样本表使用和表达流程相同的 FASTQ 契约:每个最终样本一行,必须包含 sample_id 和 read1,双端数据增加 read2。FASTQ 相对路径按样本表所在目录解释。HISAT2 索引应由 rnaseq-index-flow --genome-indexer hisat2 生成,并与其他步骤使用同一套基因组和注释版本。
samples.tsv
sample_id read1 read2
WT_01 reads/WT_01_R1.fq.gz reads/WT_01_R2.fq.gz
SNF2_01 reads/SNF2_01_R1.fq.gz reads/SNF2_01_R2.fq.gz
HISAT2 index path
HISAT2 索引路径
ref-out/03_results/hisat2_index/genome
ref-out/03_results/hisat2_index/genome.1.ht2
ref-out/03_results/hisat2_index/genome.2.ht2
Complete parameter reference
完整参数说明
| Parameter | 参数 | Required | 是否必需 | Default | 默认值 | Meaning and when to change it | 含义与选择建议 |
|---|
--samples | yes是 | none | FASTQ sample table with sample_id, read1, and optional read2.FASTQ 样本表,包含 sample_id、read1,双端数据可包含 read2。 |
--index | yes是 | none | HISAT2 index prefix or a directory with exactly one prefix. From index-flow, pass ref-out/03_results/hisat2_index/genome.HISAT2 索引前缀,或只包含一个 HISAT2 前缀的目录。来自参考流程时传 ref-out/03_results/hisat2_index/genome。 |
--outdir, -o | yes是 | none | Dedicated output directory. Existing directories are refused unless --force is used.专用输出目录。目录已存在时默认拒绝运行,除非使用 --force。 |
--aligner | no否 | hisat2 | Aligner selector. r1 supports only hisat2.比对工具选择。r1 只支持 hisat2。 |
--threads, -t | no否 | 2 | Threads for HISAT2, SAMtools, and fastp. Increase for larger FASTQ files.HISAT2、SAMtools 和 fastp 使用的线程数。FASTQ 较大时可以调高。 |
--trim | no否 | off | Run fastp before alignment.

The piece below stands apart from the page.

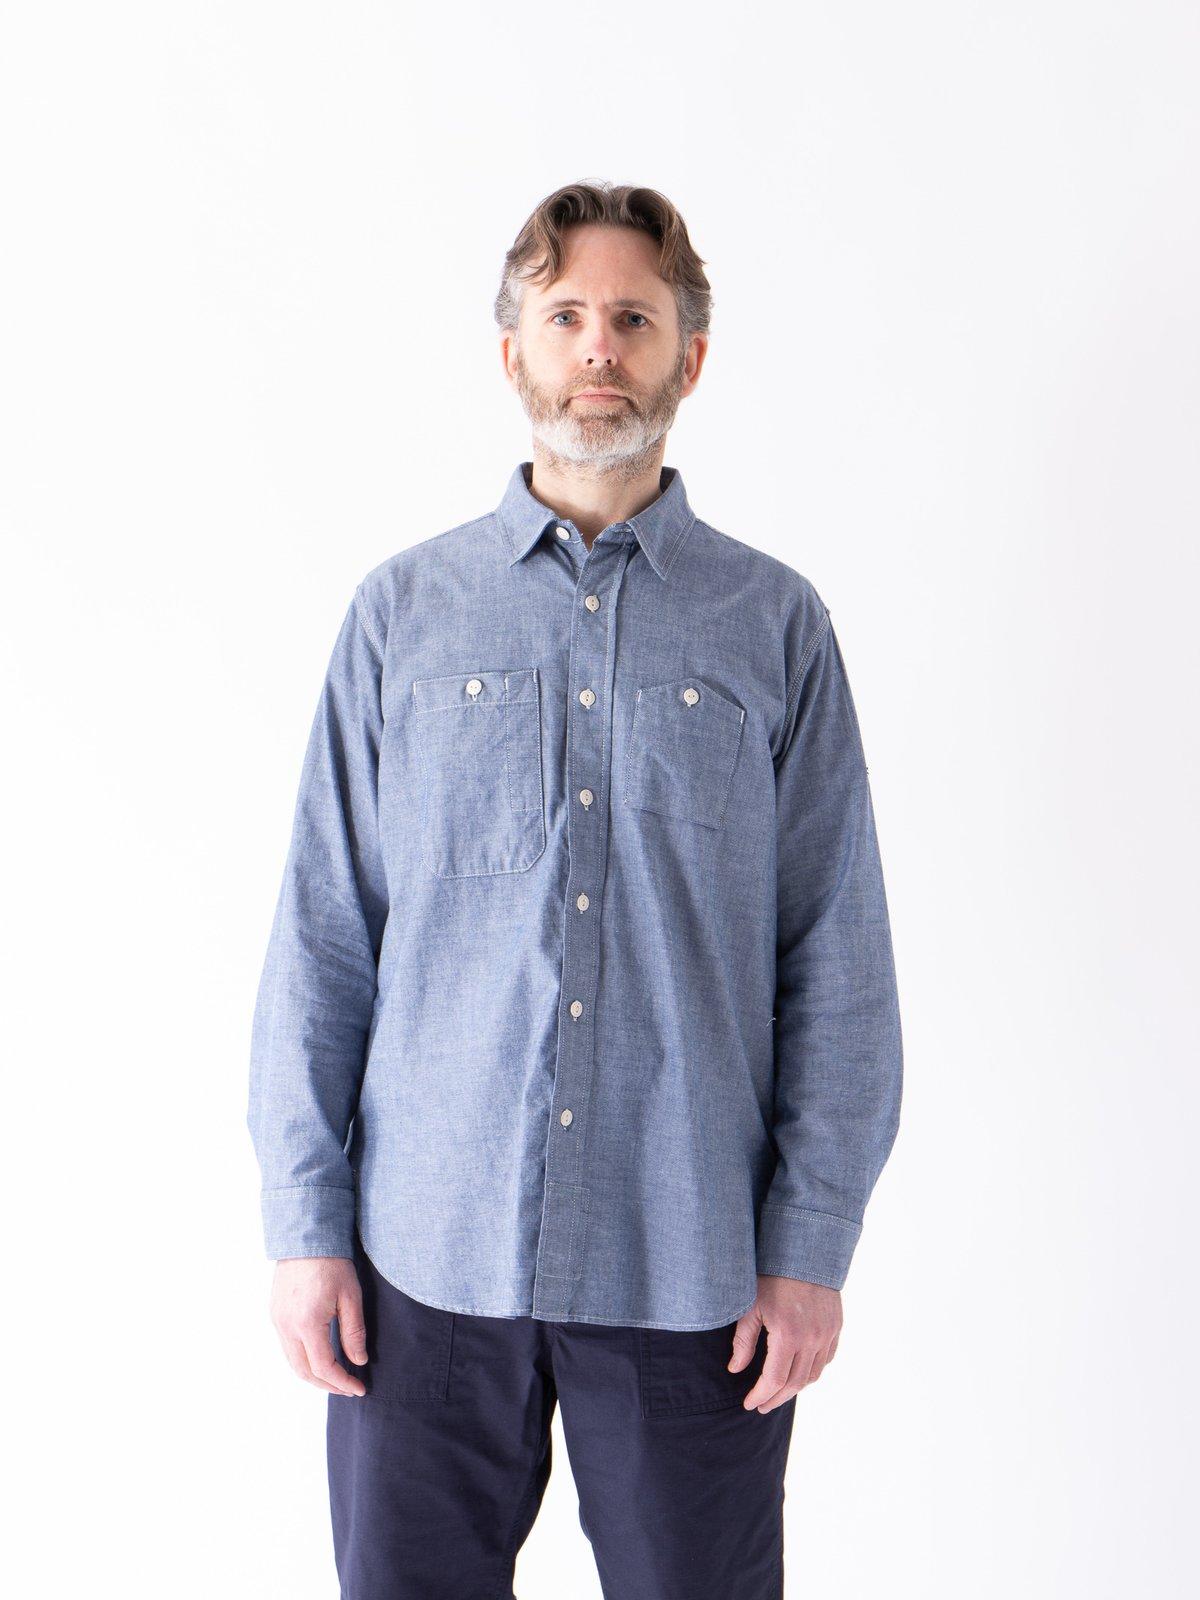 Blue Cotton Chambray Work Shirt - Image 2
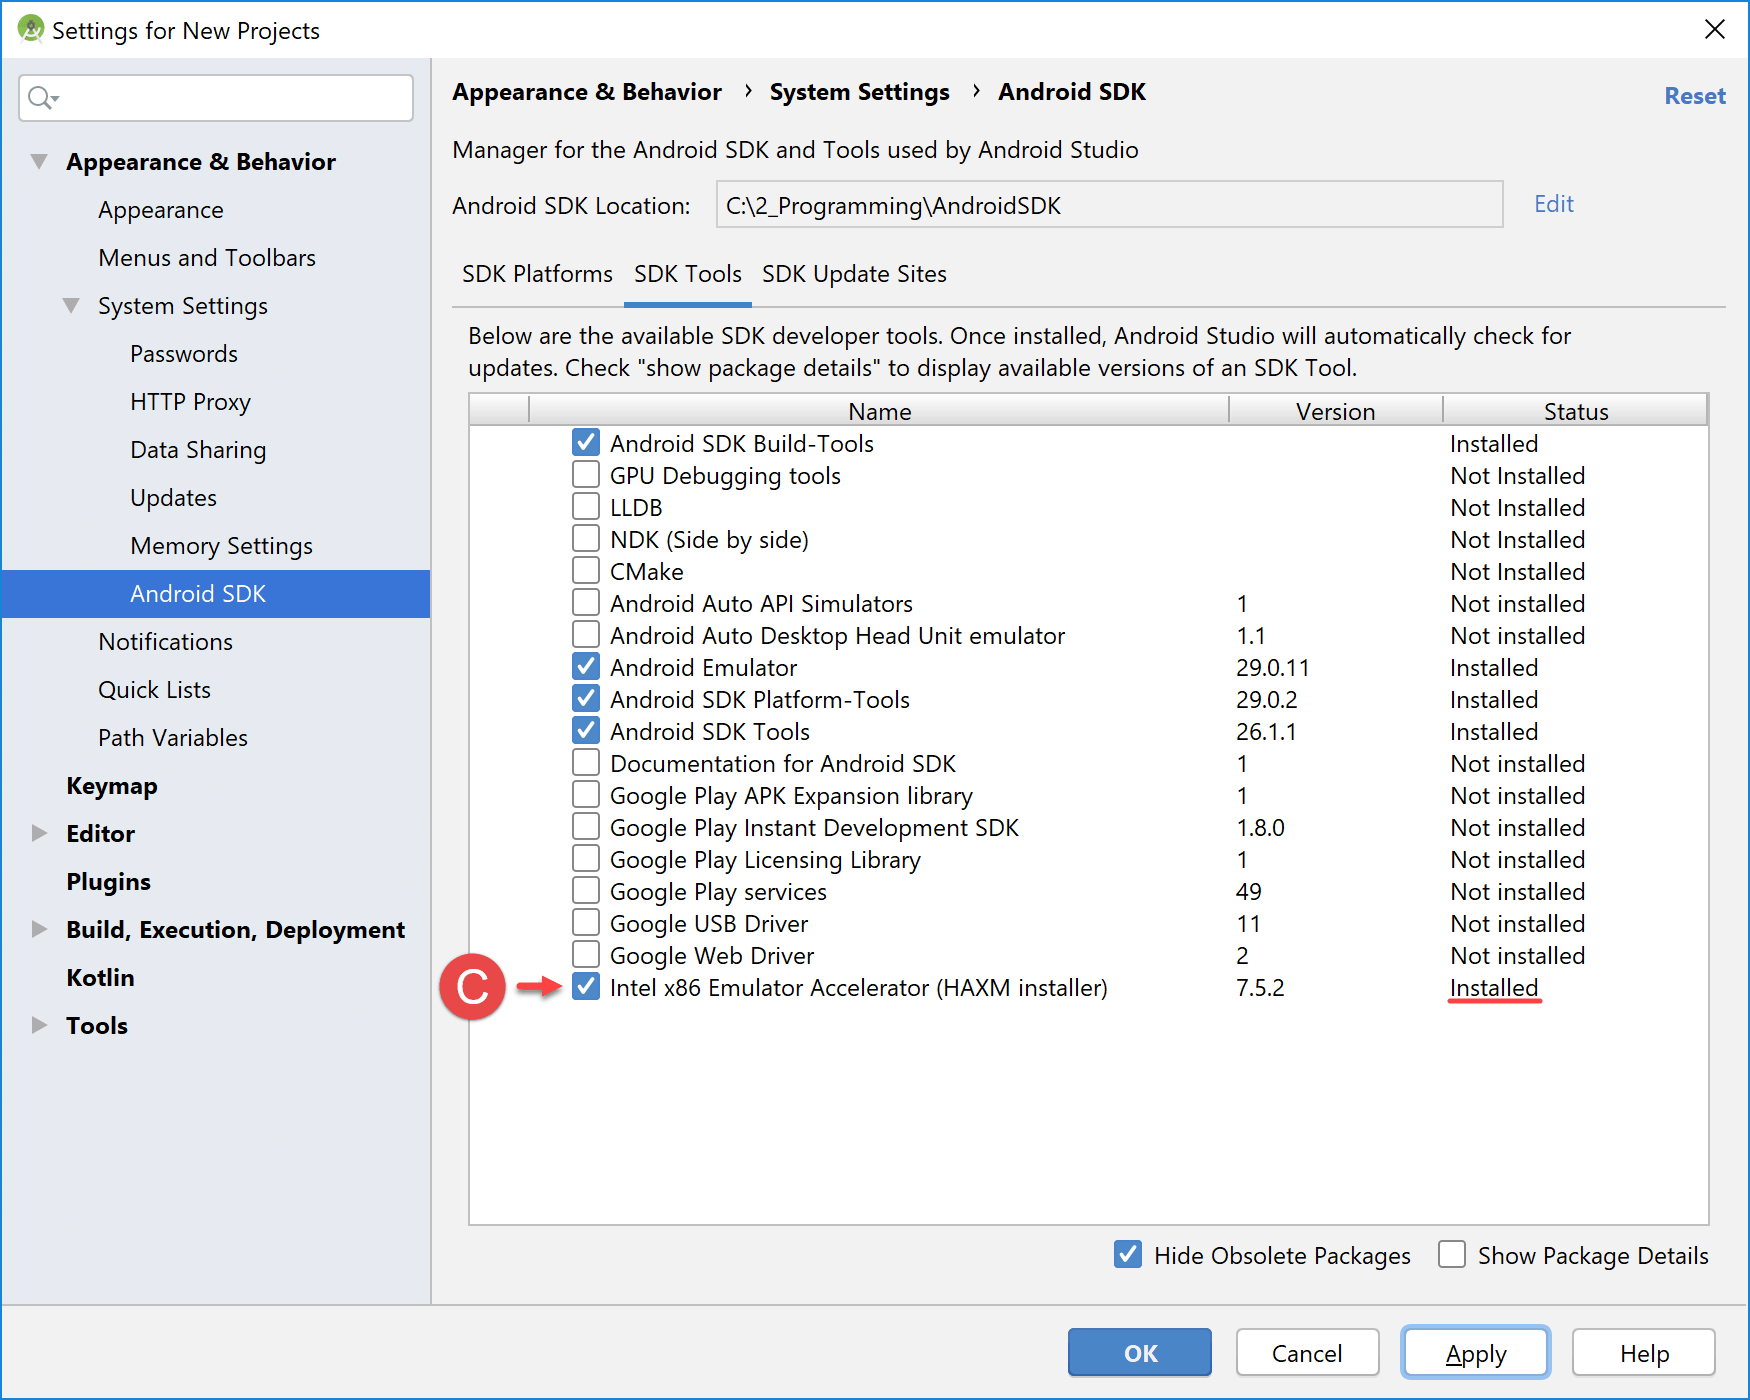 intel_haxm_installed

Enable when raw FASTQ has not already been cleaned.比对前先运行 fastp。原始 FASTQ 尚未清洗时启用。 |
--rna-strandness | no否 | none | HISAT2 RNA strandness: none, F, R, FR, or RF. Set only when the library protocol is known.HISAT2 RNA 链特异性参数:none、F、R、FR 或 RF。只有明确知道文库协议时设置。 |
--min-mapq | no否 | 0 | Filter final BAM records by MAPQ when greater than zero. Keep 0 if downstream tools should see all mapped reads.大于 0 时按 MAPQ 过滤最终 BAM。若希望下游工具看到所有已比对 reads,保留 0。 |
--keep-sam | no否 | off | Keep intermediate SAM files for debugging. It increases disk usage substantially.保留中间 SAM 文件用于调试,但会显著增加磁盘占用。 |
--force | no否 | off | Replace standard outputs inside an existing output directory.允许替换已有输出目录中的标准结果。 |
How it connects
如何接上下游
taf-rnaseq-count-flow \
--bams align-out/04_reports/bam_files.tsv \
--annotation ref-out/03_results/annotation/genes.gtf \
--outdir count-out
taf-rnaseq-alignment-qc-flow \
--bams align-out/04_reports/bam_files.tsv \
--gtf ref-out/03_results/annotation/genes.gtf \
--outdir alignment-qc-out
Key outputs and limits
关键输出与边界
Key outputs are sorted BAM files, BAI indexes, aligner logs, alignment_summary.tsv, and bam_files.tsv. Alignment is heavier than Salmon quantification and is not required for the default expression route.
关键输出是排序 BAM、BAI 索引、比对日志、alignment_summary.tsv 和 bam_files.tsv。比对比 Salmon 定量更耗时、更占磁盘,并不是默认表达路线的必需步骤。